Muy pocos días después de aquello, el automóvil negro pasó por el Quai de la Loire, dejó a la izquierda el Bassin de la Villette y atravesó por debajo del paso elevado del boulevard McDonald, bordeado a izquierda y derecha por los enormes mataderos de París. Luego pasó por la rue Victor Hugo, ya en el municipio de Pantin, y se detuvo unos kilómetros más allá, una vez dejado muy atrás el Pré St. Gervais.
Era un automóvil de la policía.
No hacía sonar el lastimero toque de sirena con el que otras veces intentaba abrirse paso por las abigarradas calles de París, pero no hacía falta para que todo el mundo lo reconociera. Los automóviles le cedían la preferencia en los cruces y los escasos urbanos cortaban el tráfico para que pudiera pasar. Así daba gusto.
Al fin se detuvo ante una casa aislada.
Había sido una parada de diligencias un siglo atrás. Debía haber sido también, en aquel tiempo, un sitio donde se comía bien y se trasegaban sin descanso panzudas jarras de vino de Burdeos. Sobre la puerta aún se reconocía, detrás de sucesivas capas de pintura, el nombre que había tenido aquel lugar, muy poco original por cierto: Au relais du Postillon.

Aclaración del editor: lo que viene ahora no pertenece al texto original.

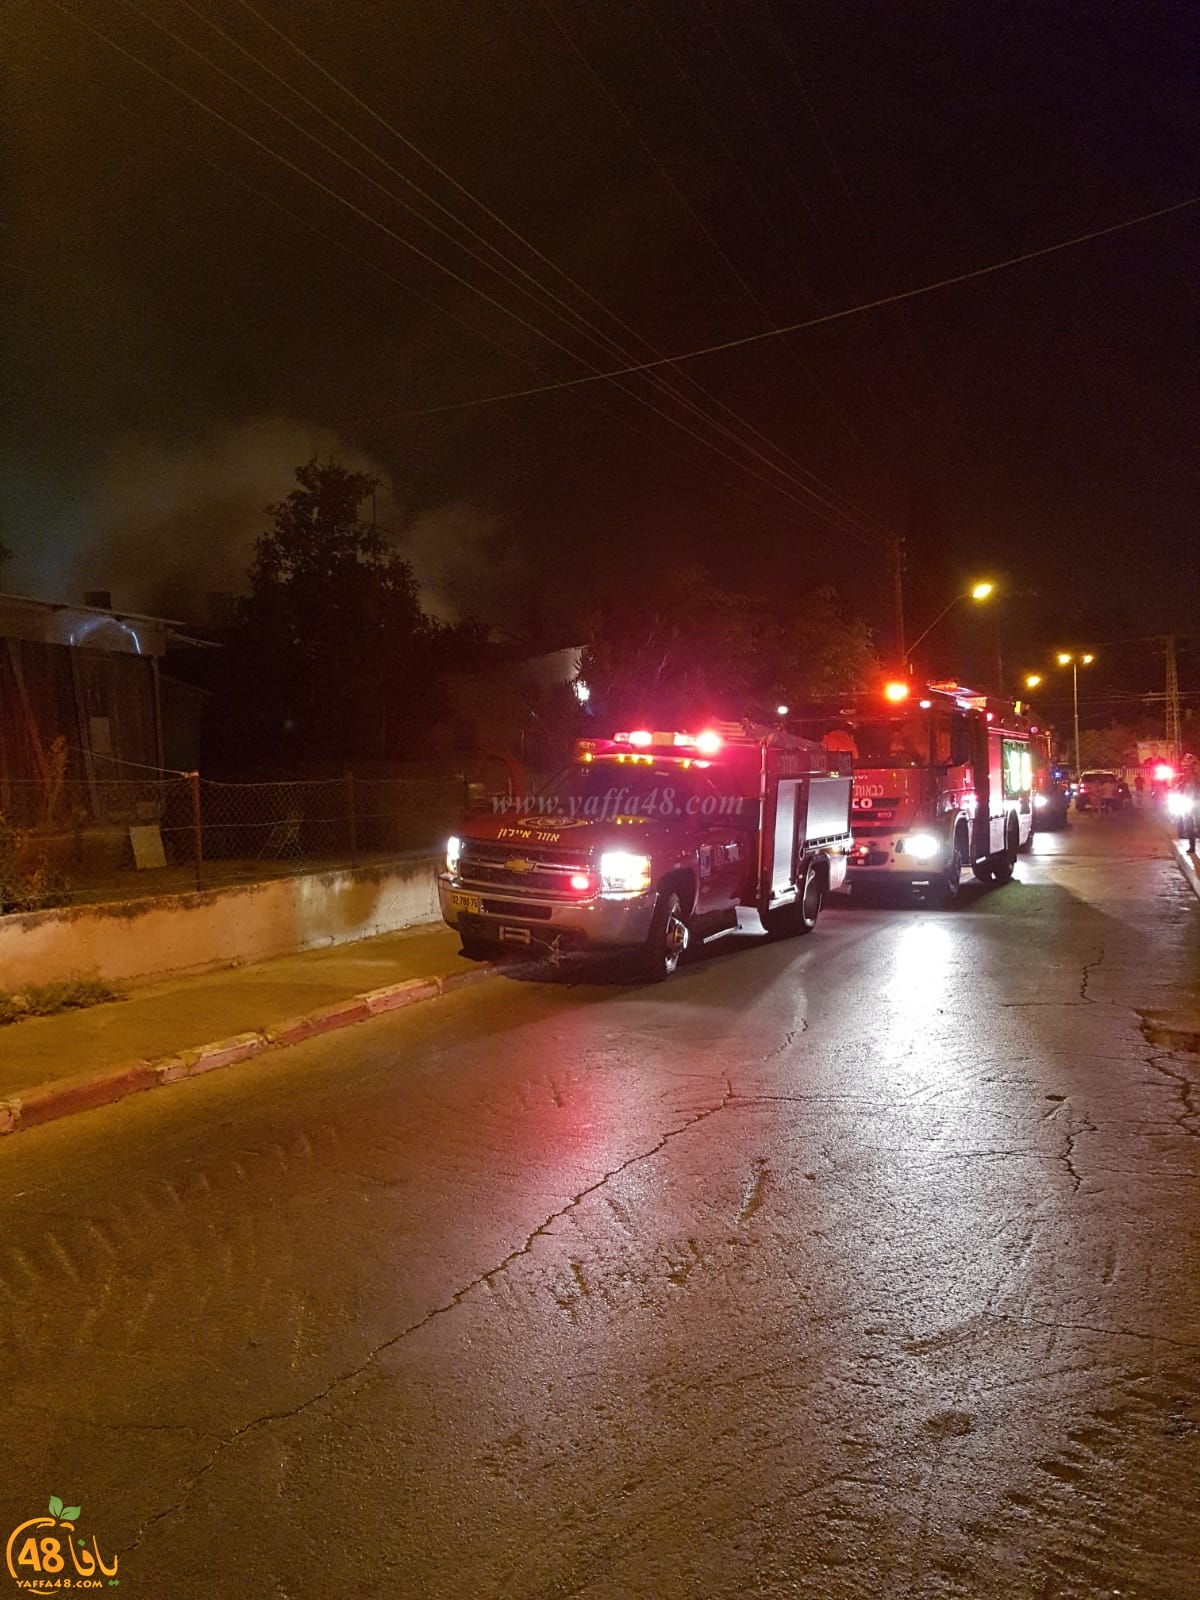  بالصور: احتراق منزل في مدينة الرملة دون وقوع اصابات

Los postigos de las ventanas eran de madera maciza y las puertas estaban cerradas.
El conductor miró aquello apreciativamente y susurró:
—Menudo sitio…
—¿No te gustaría vivir aquí? —preguntó el sargento Lecoq.

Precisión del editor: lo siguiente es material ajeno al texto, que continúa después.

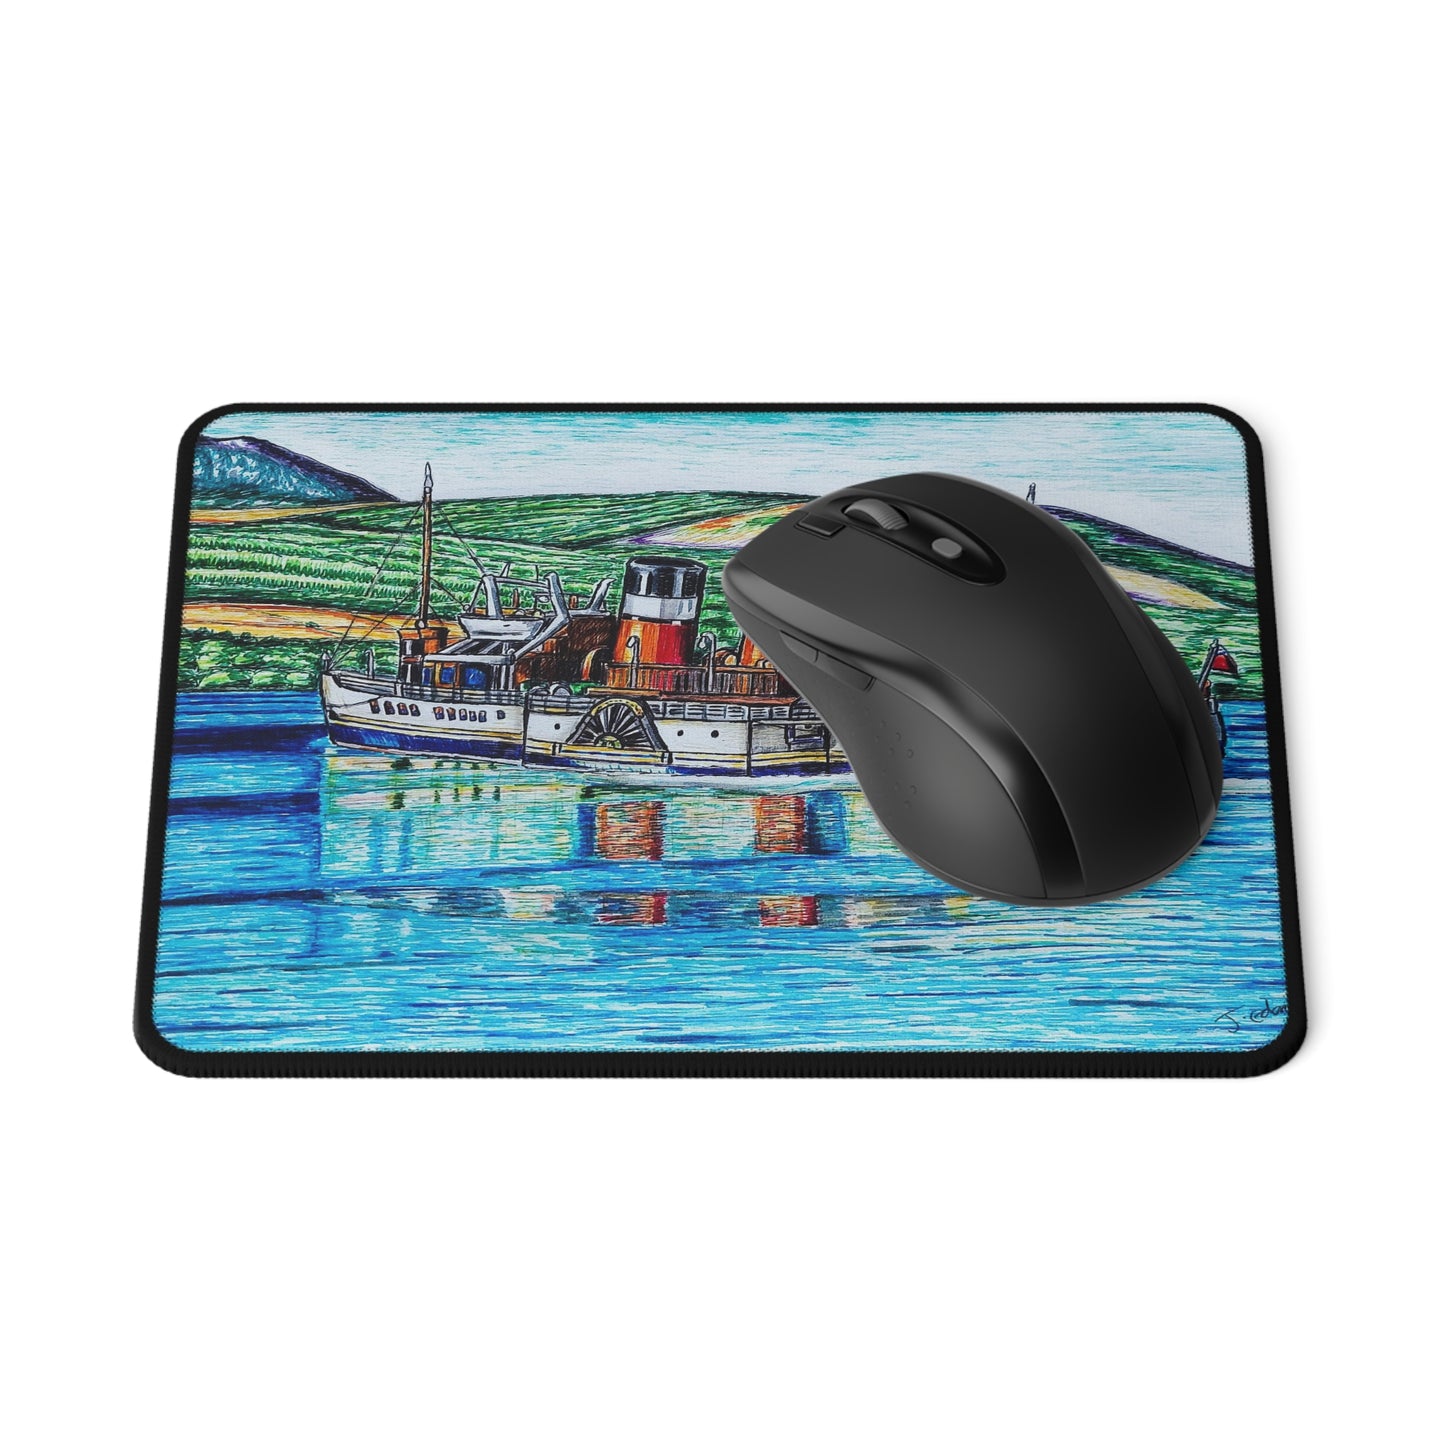 Non-Slip Mouse Pad- Waverley Paddlesteamer Design

—Ni pizca. Está muy aislado.
—Mejor, hombre. Poca contaminación, poco ruido… Me parece estupendo para ver la televisión en zapatillas y para tener escondida a una chica que valga la pena. Hala, acércate.
El coche negro se detuvo ante la entrada de la casa. El sargento Lecoq se volvió entonces hacia el asiento posterior.
—Clemens —dijo.
El hombre que estaba sentado allí, entre dos agentes y con la mirada perdida, la concentró de pronto en el que le hablaba.
—Diga, sargento.
—Ya vuelves a estar en tu casa, el sitio donde asesinaste a tu mujer. No sé si los vecinos te querrán, pero como esto está aislado, te verás con muy poca gente. Y ahora escucha la cartilla: estás en libertad provisional por buena conducta, después de ocho años de cárcel. Pero un solo delito, por pequeño que sea, una sola bronca bastarán para que vuelvas a la Santé, de donde, en mi opinión, no debiste haber salido nunca. Te presentarás los días uno y quince de cada mes ante el juez de instrucción y no podrás alejarte más de cincuenta kilómetros sin permiso escrito. ¿Entendido todo?
—Entendido, sargento.
—Pues adelante. Y a ver si se te aparece el cadáver de tu mujer. ¡Al fin y al cabo, no lo hemos encontrado nunca!…
Abrió la portezuela para que bajase. Clemens lo hizo tímidamente, como si temiese que en el último minuto se arrepintieran y se lo llevasen otra vez a la prisión de la Santé. En los últimos seis años había oído hablar del caso de un condenado a muerte que se lanzaba de cabeza contra las paredes, cada noche, cuando pensaba que iban a ejecutarlo, organizando unas peloteras inenarrables. La noche de la «ceremonia» le dijeron que había sido indultado por el presidente de la República, le vistieron, le afeitaron bien, le dieron un pase… y se lo llevaron a la guillotina.
Pero a él no iba a ocurrirle lo mismo.
Todos los policías le sonreían.
Casi le animaban.
Incluso el sargento le susurró:
—Hala, hombre. Estás en tu casa…
El coche dio media vuelta y se alejó, dejándole solo.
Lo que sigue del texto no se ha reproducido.